Table 1. Efficiency of targeted replacement using x:URA3:x.

Genotype Percentage targeteda Percentage untargetedb Percentage GCc P valued   Sizee (kb)
      Left Right Left Right  
CAT8 5 (100) 17 38 33 0.72 0.1 4.2
RGT2 11 (89) 11 35 28 0.98 0.33 2.4
SWI4 19 (108) 3 33 25 <0.001 0.03 2.2
RGT1 20 (85) n.d. 38 43 0.03 0.33 1.5
SWE1 25 (100) 4 45 40 0.12 0.96 1.6
YHP1 26 (93) n.d. 38 43 0.01 0.1 0.8
SUM1 27 (84) n.d. 45 40 0.28 0.02 3.1
SNF3 33 (84) n.d. 48 48 0.17 0.78 2.8

a(Targeted replacements/total transformants) × 100%; numbers of transformants tested are in parentheses.

b(Untargeted integration of marker/total transformants) × 100%; measured by allele test (see Materials and Methods); n.d., not determined.

cThe GC content of the left end and the right end targeting region of each disruption fragment.

dP value representing the degree of homology between the left or right targeting and their most homologous sequence in the yeast genome, not including the targeted gene itself.

eSize of the region replaced by the disruption fragment.

We asked whether variation in the efficiency of targeted replacement could be ascribed to a feature of the targeted sequence. Using Dotter software to compare sequences (21), we could not identify a consensus sequence containing at least 5 out of 6 bp of homology that was present in the targeting regions of all three fragments that targeted at high efficiency (SNF3, SUM1 and YHP1) and that was absent from sequences with low efficiency (CAT8 and RGT2). Thus we found no evidence of a conserved sequence associated with high TGR efficiency.

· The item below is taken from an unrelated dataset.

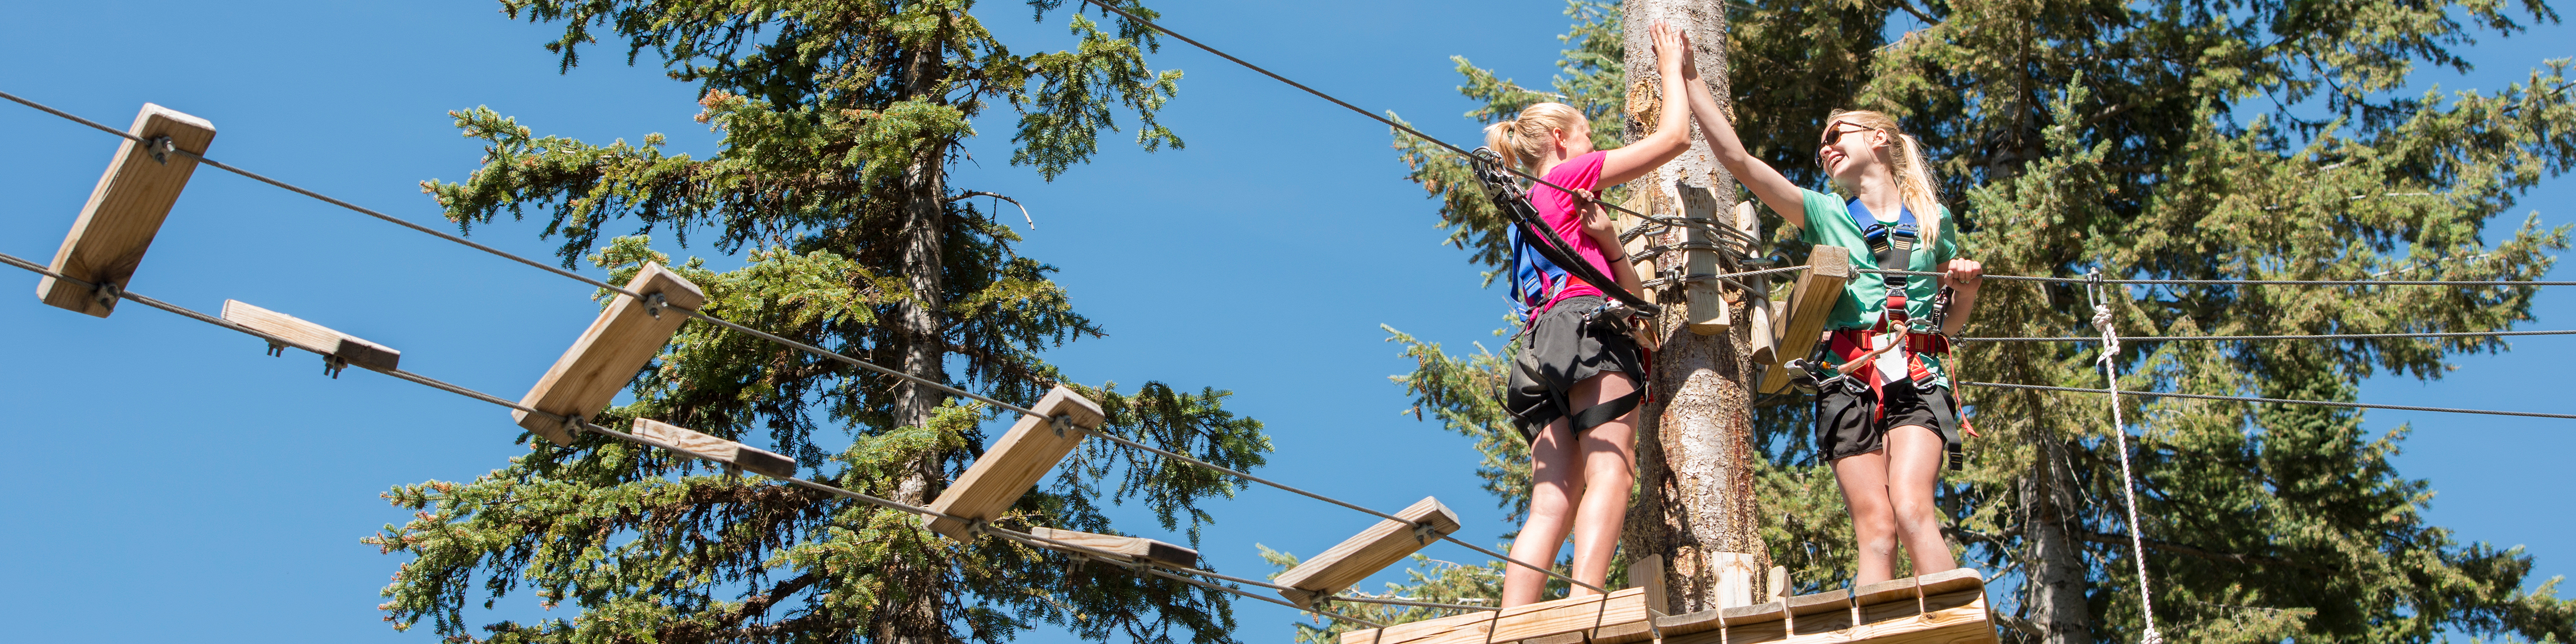 Teenage girls high five in aerial adventure park
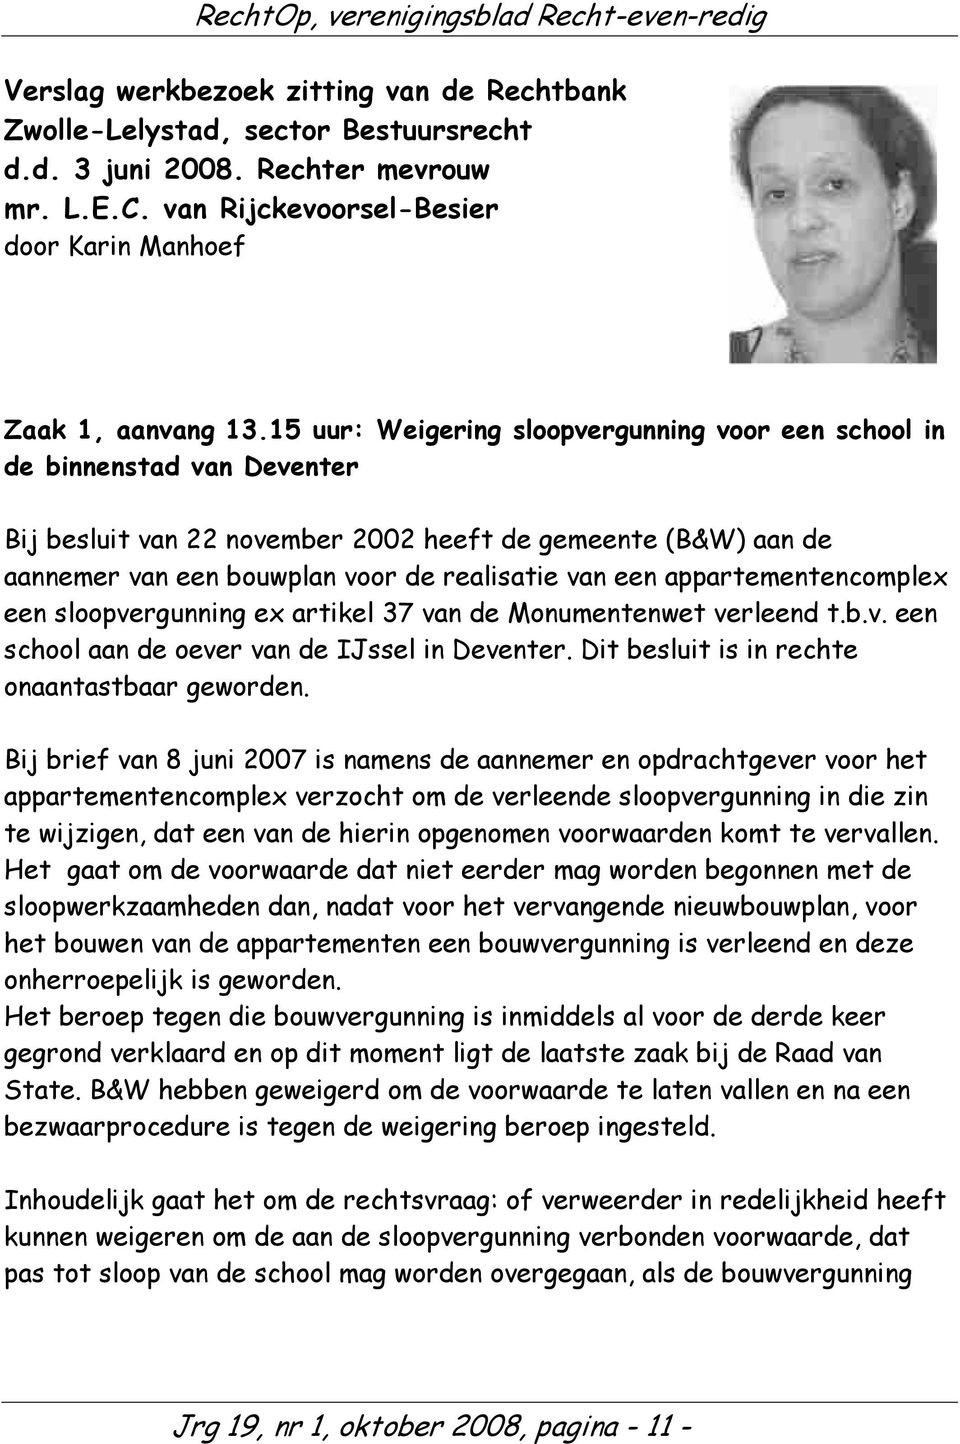 appartementencomplex een sloopvergunning ex artikel 37 van de Monumentenwet verleend t.b.v. een school aan de oever van de IJssel in Deventer. Dit besluit is in rechte onaantastbaar geworden.

Among the eight targeted gene replacement fragments examined, the size of the sequence being replaced varied from 0.8 to 4.2 kb, but this size did not correlate with targeting efficiency (r = –0.40). Because it is possible that disruption fragments integrate into partially homologous sites on the yeast genome, we searched the complete yeast genome for sequences that were similar to the segments being targeted; these partially homologous sites could potentially compete with the targeted site. The degree of homology between the target sequence and its closest homolog in yeast is reflected by a P value (Table 1); this P value is the probability of finding, by chance, a sequence in the yeast genome with as much similarity as there is between the target and its closest yeast homolog. Thus, the smaller the P value, the more significant the homology. P values ranged from 5 × 10–5 (5′-targeted region of SWI4, which contained 31 out of 36 bp of homology) to 0.84 (5′-targeted region of RGT2, which contained 20 out of 25 bp of homology), but did not correlate with targeting efficiency whether we considered only the highest P value of the two ends, only the lowest, or the average of the two (for average P value, r = –0.3).

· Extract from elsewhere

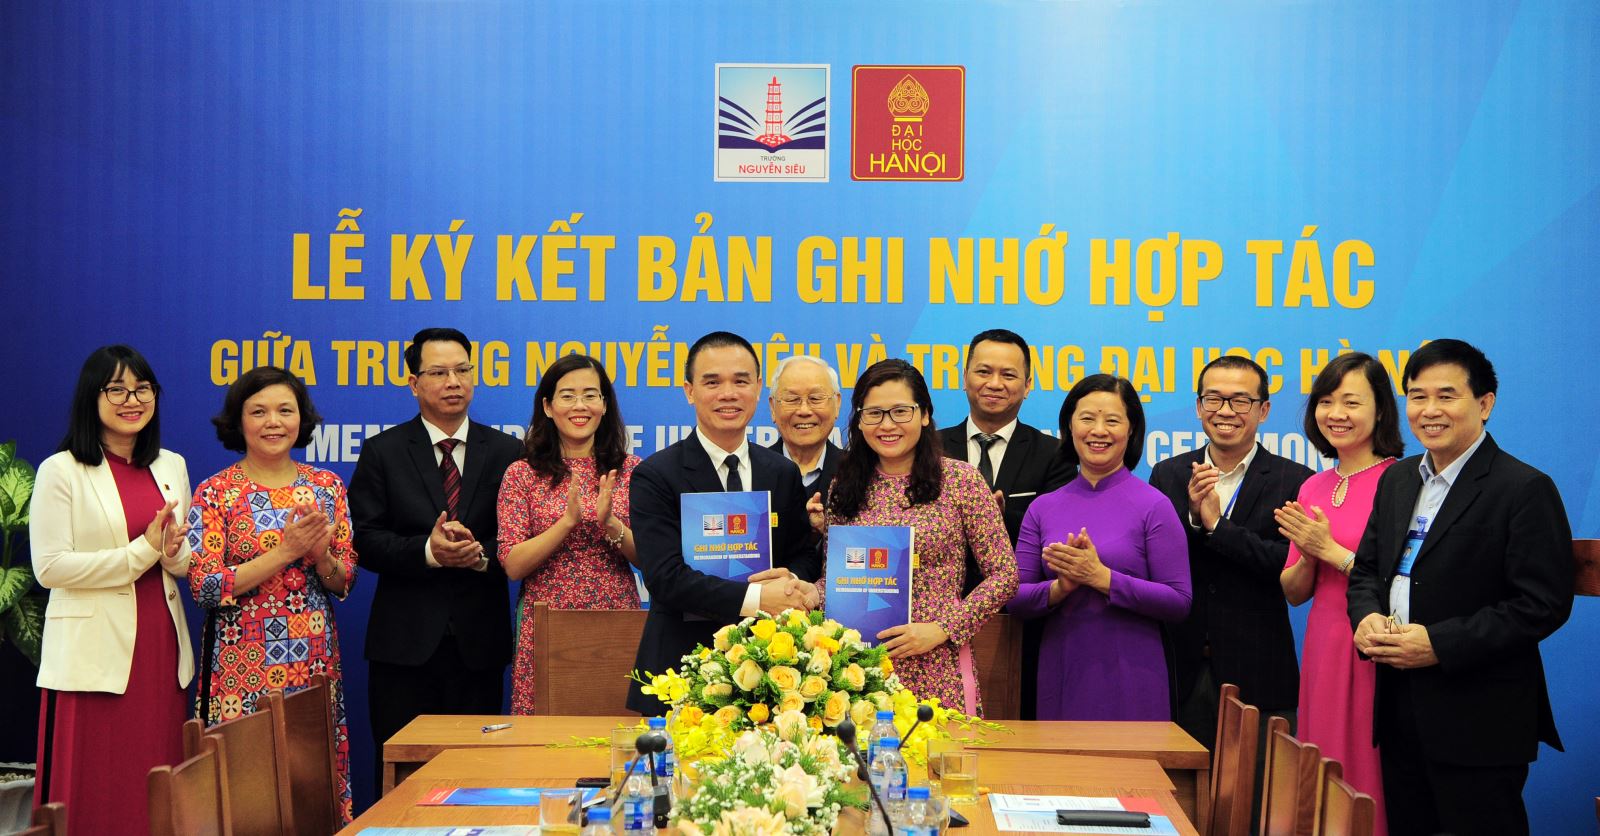 Trường Nguyễn Siêu ký kết ghi nhớ hợp tác với Đại học Hà Nội
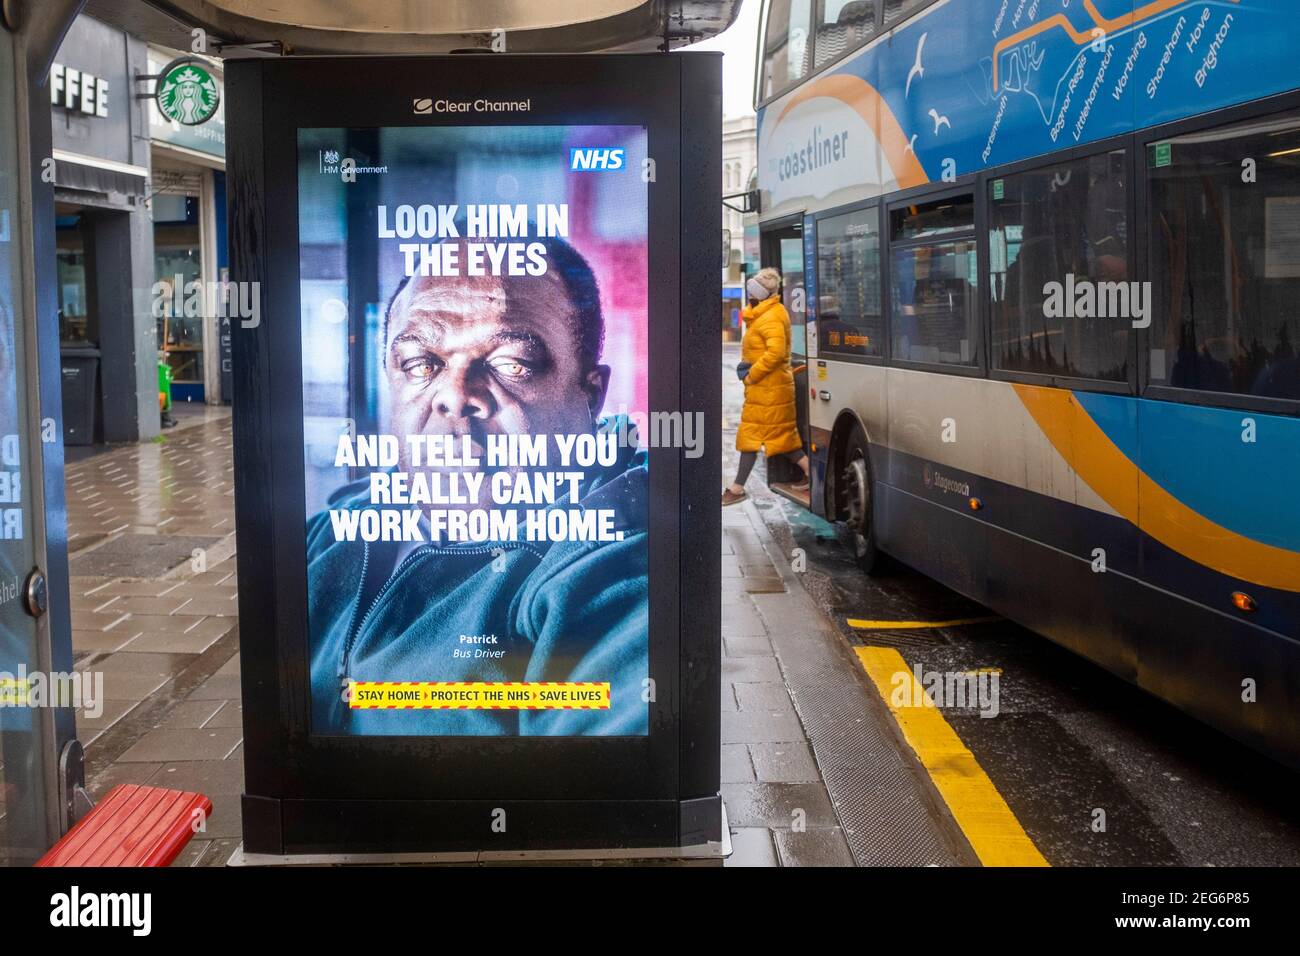 Gouvernement britannique NHS coronavirus COVID-19 les regarder dans les yeux Affiche de campagne de santé à un arrêt de bus à Brighton, Royaume-Uni Banque D'Images

As an independent test of the role of partially homologous sequences in TGR efficiency we examined the CAT8, SWE1, RGT2 and SWI4 transformants using an allelism test (see Materials and Methods). The same transformants identified by the PCR assay as targeted were also identified as targeted by the allelism test, confirming the accuracy of both assays. The allelism assay also distinguishes between transformants arising by recombination at the ura3-1 locus and transformants arising from insertion of URA3 marker at non-targeted positions. As expected, >80% of untargeted transformants resulted from recombination at the ura3-1 locus (probably gene conversion). Segregation analysis of several of the remaining untargeted transformants show that they contain URA3 stably integrated at loci other than either the target or ura3-1. The frequency of these non-targeted integrants varied from 3 to 17% of the total transformants (Table 1, column 3). Interestingly, when the TGR efficiency was higher, the frequency of untargeted integration tended to be lower.

Increased GC content in targeted region correlates with increased TGR efficiency

For the eight genes tested above, the GC content of the targeting region the fragments varied from 35 to 48%, and the efficiency of TGR tended to be higher when the GC content was higher (Table 1). The correlation coefficient (r) between TGR efficiency and GC content is 0.746, indicating that we can reject the null hypothesis (no correlation) with P < 0.05.

As a test of the correlation between TGR efficiency and GC content, we chose alternative targeting sequences for two of the genes tested above (SNF3 and CAT8) . For both genes, the new targeted regions were within 100 bp of the original targeted regions. The new SNF3 targeted region had lower GC content than the original, whereas the new CAT8 target had higher GC content than the original. For both genes, we found that the efficiency of TGR was higher when the GC content was higher (Fig. 1B). When the results from these two transformations were considered along with the results from the eight genes described above, the correlation between GC content and TGR efficiency remained significant (r = 0.645, P < 0.05). All 10 experiments are shown in a scatter plot (Fig. 1C). Note that the range of TGR efficiency in this figure was >10-fold. It is also important to note that the CAT8 disruption fragments (Fig. 1C, arrows) promoted TGR at lower efficiencies relative to their GC content than the other fragments. Thus, it is unlikely that GC content is the only determinant of TGR efficiency.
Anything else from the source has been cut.